**Action item**
Keep the text of the data exactly as it is and omit each picture from the copy.

**Given information**
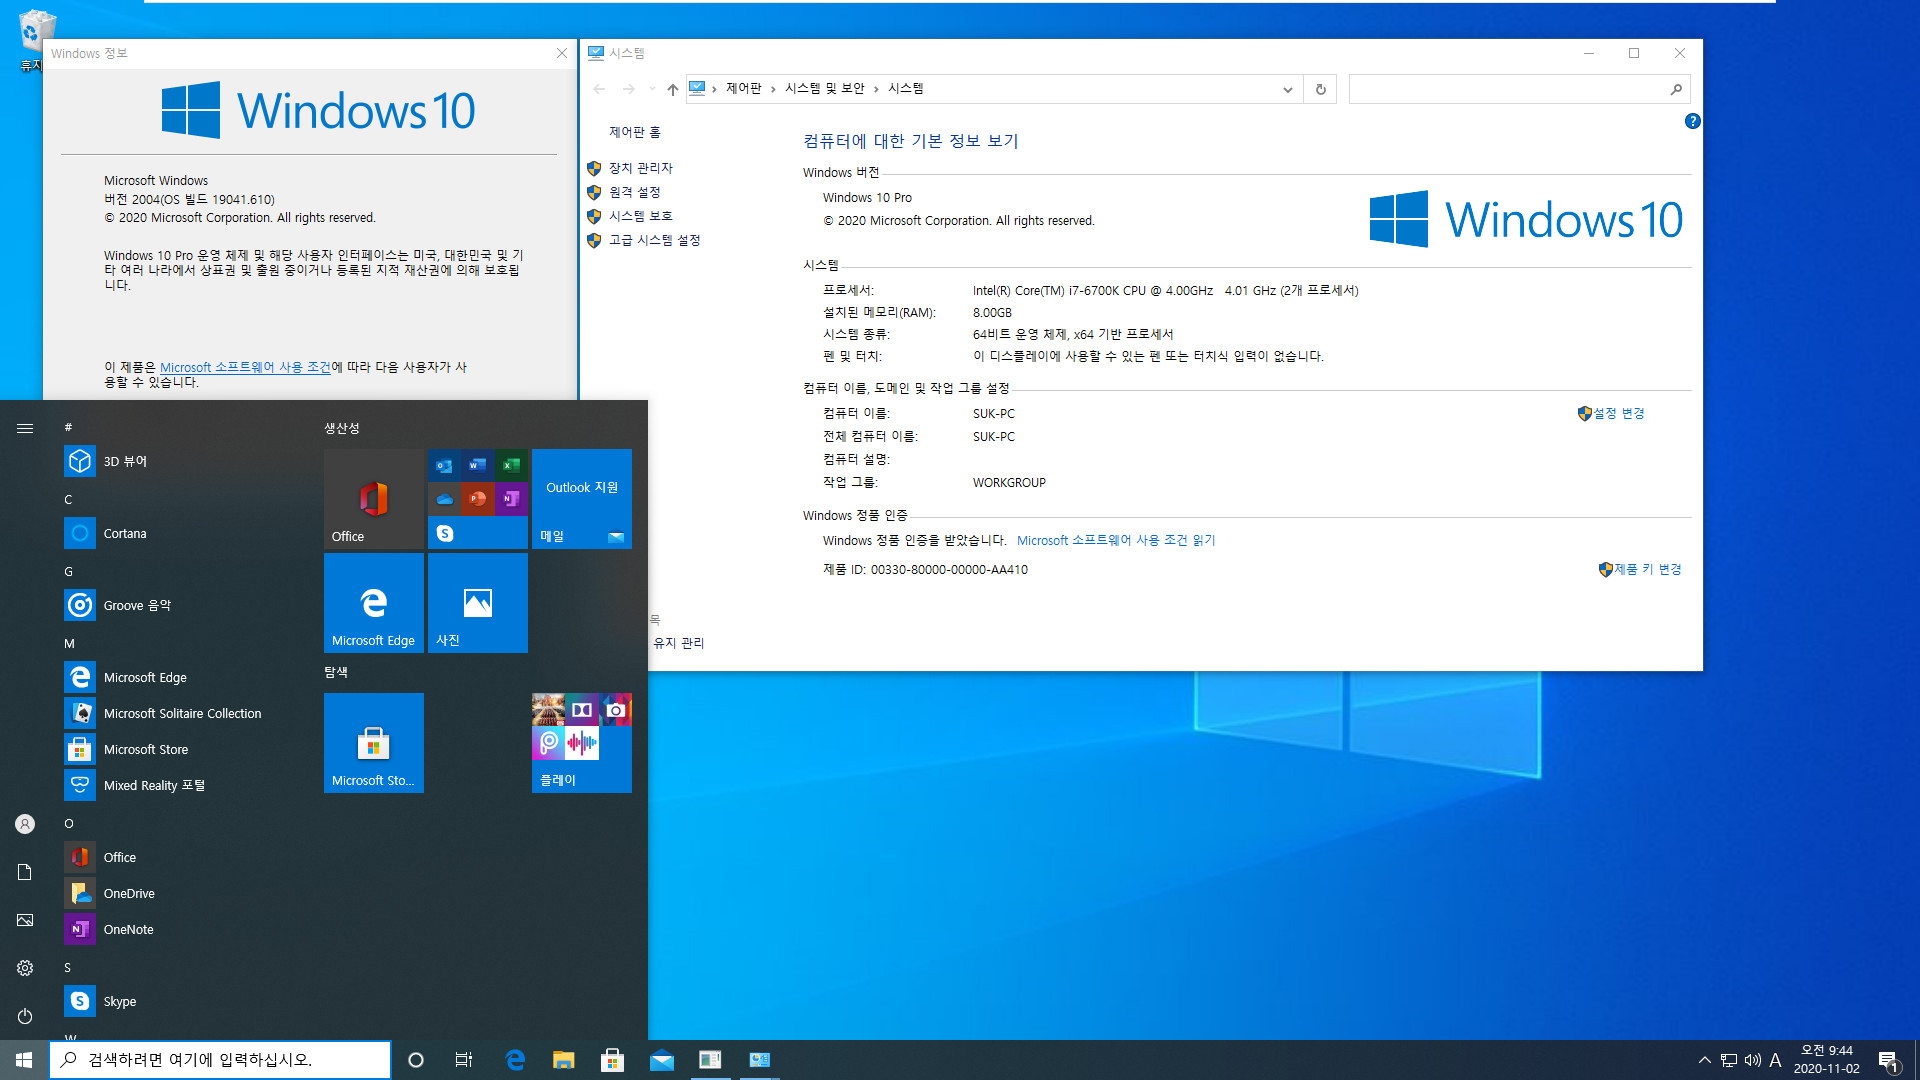 Windows 10 버전 20H2 기능 업데이트 KB4562830 폴더의 mum 파일들만 찾아서 설치하기.bat - 크로미엄 엣지 설치하지 않고 버전 20H2만 설치하기 테스트 2020-11-02_094452.jpg
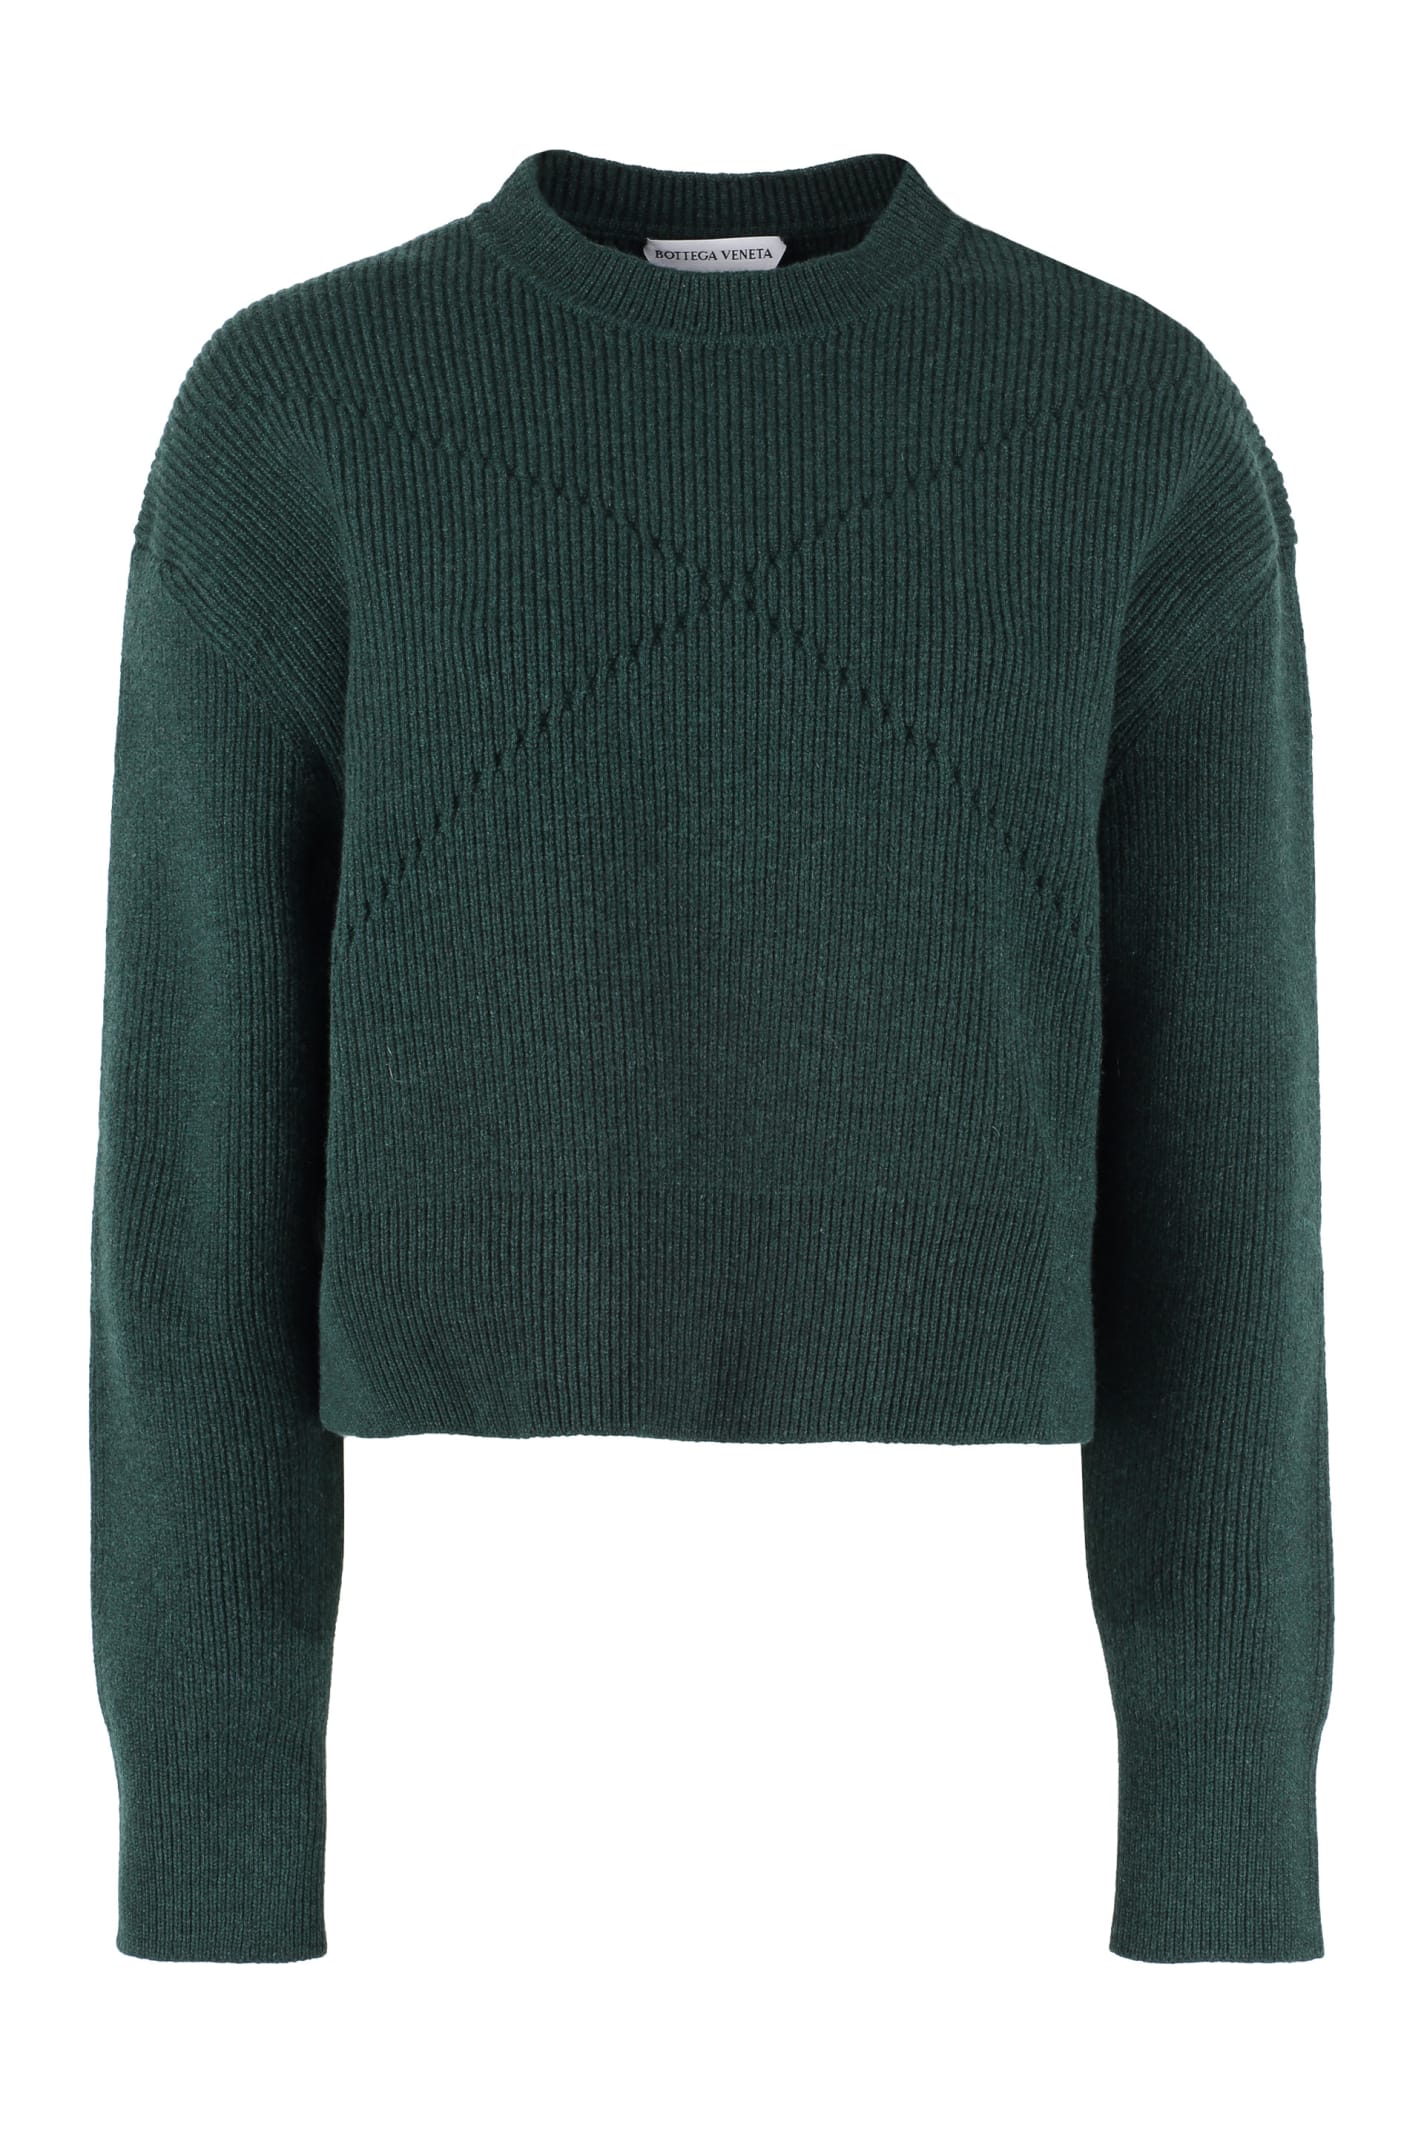 Bottega Veneta Ribbed Cashmere Sweater
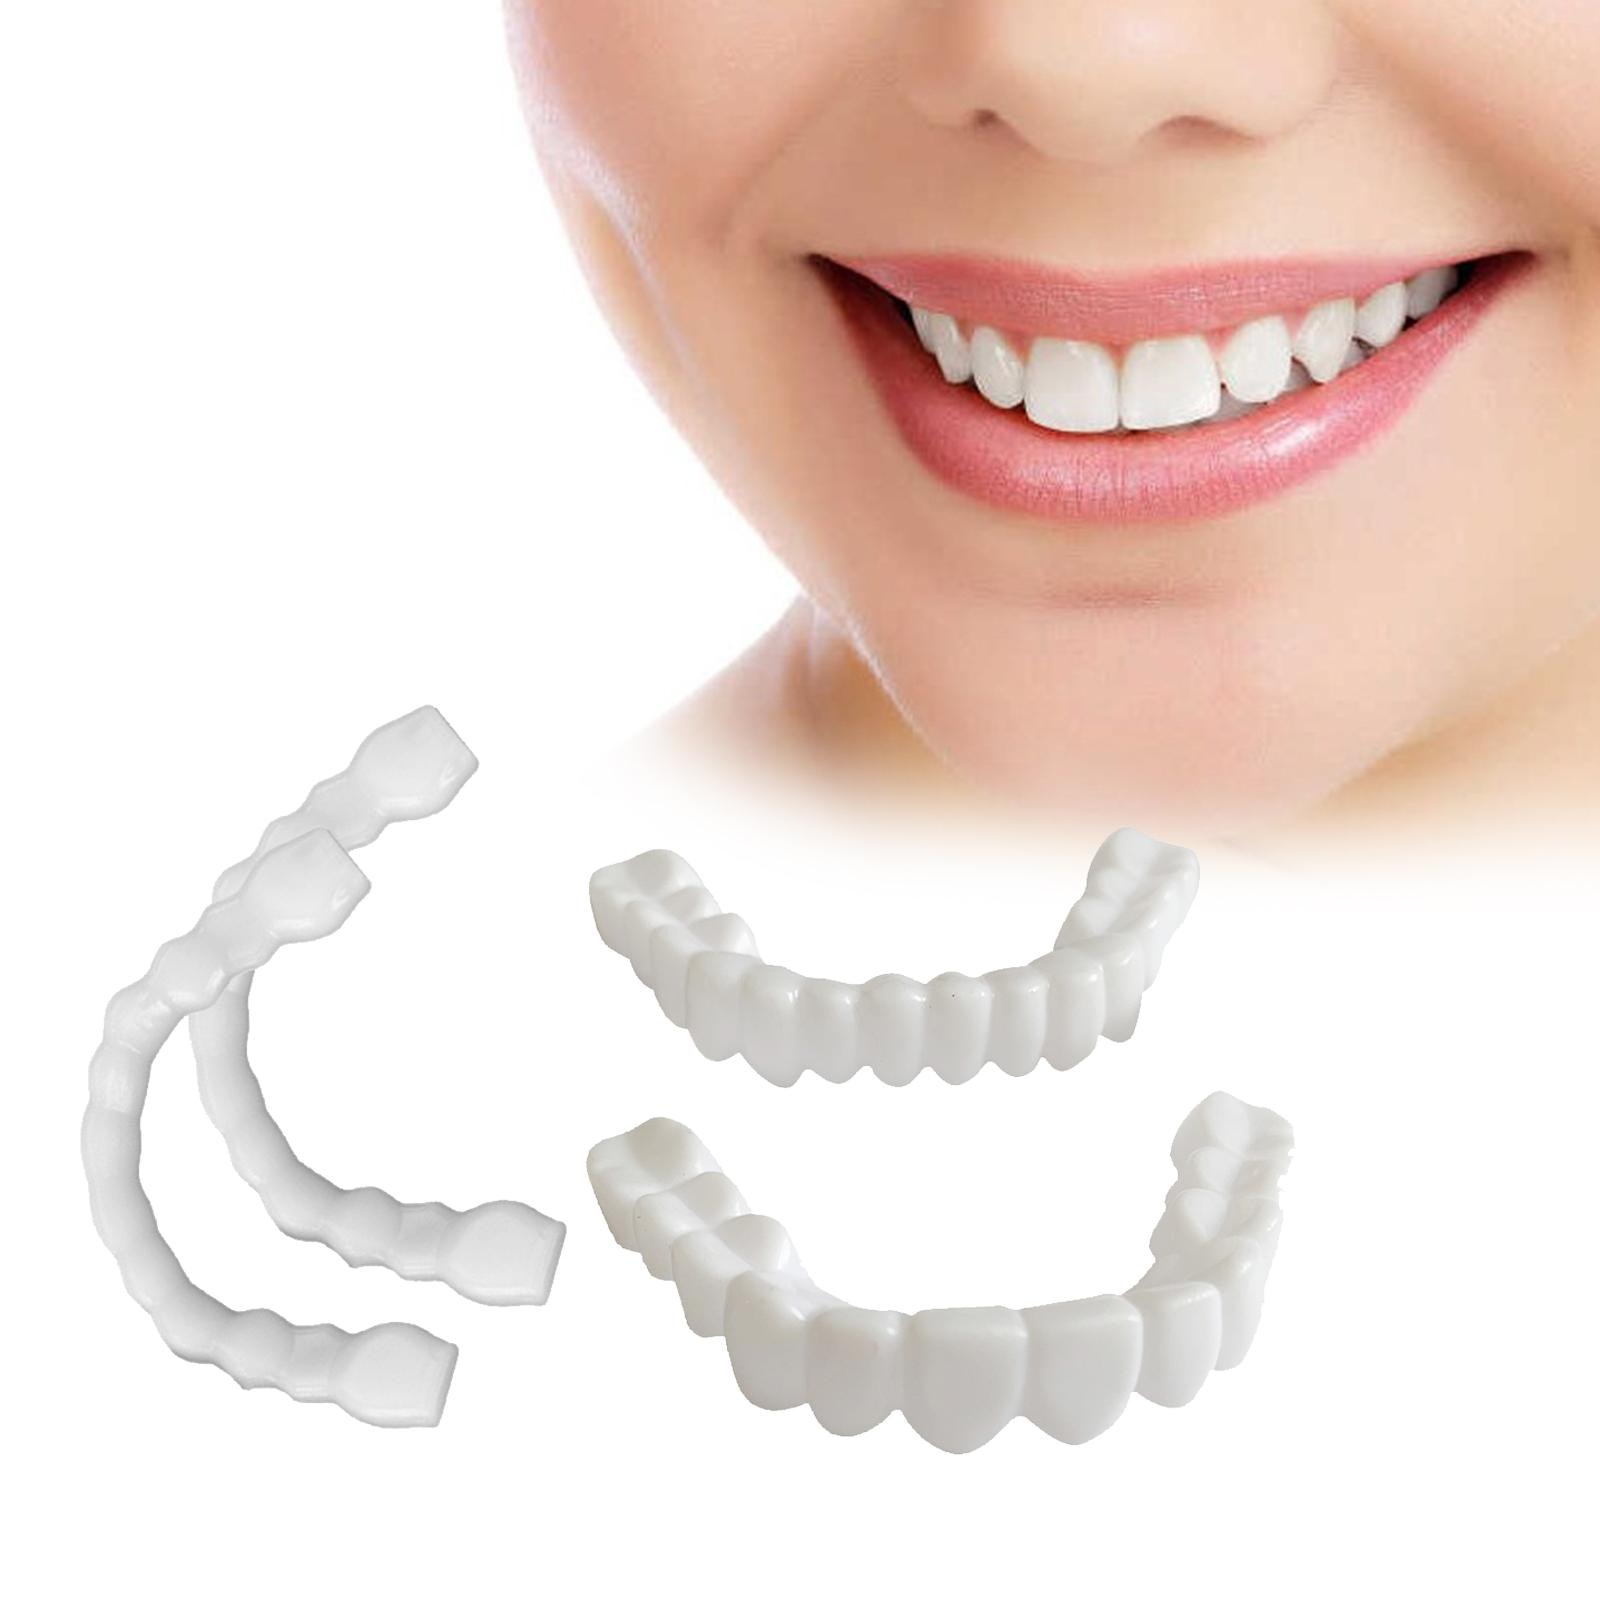 Resin Teeth  Fake Teeth Simulation Braces Smiling Veneers Dentures Cosmetic Fake Tooth Cover Perfect Smiling White

**Answer to the problem**
 Windows 10 버전 20H2 기능 업데이트 KB4562830 폴더의 mum 파일들만 찾아서 설치하기.bat - 크로미엄 엣지 설치하지 않고 버전 20H2만 설치하기 테스트 2020-11-02_094452.jpg
 Bottega Veneta Ribbed Cashmere Sweater
 Resin Teeth  Fake Teeth Simulation Braces Smiling Veneers Dentures Cosmetic Fake Tooth Cover Perfect Smiling White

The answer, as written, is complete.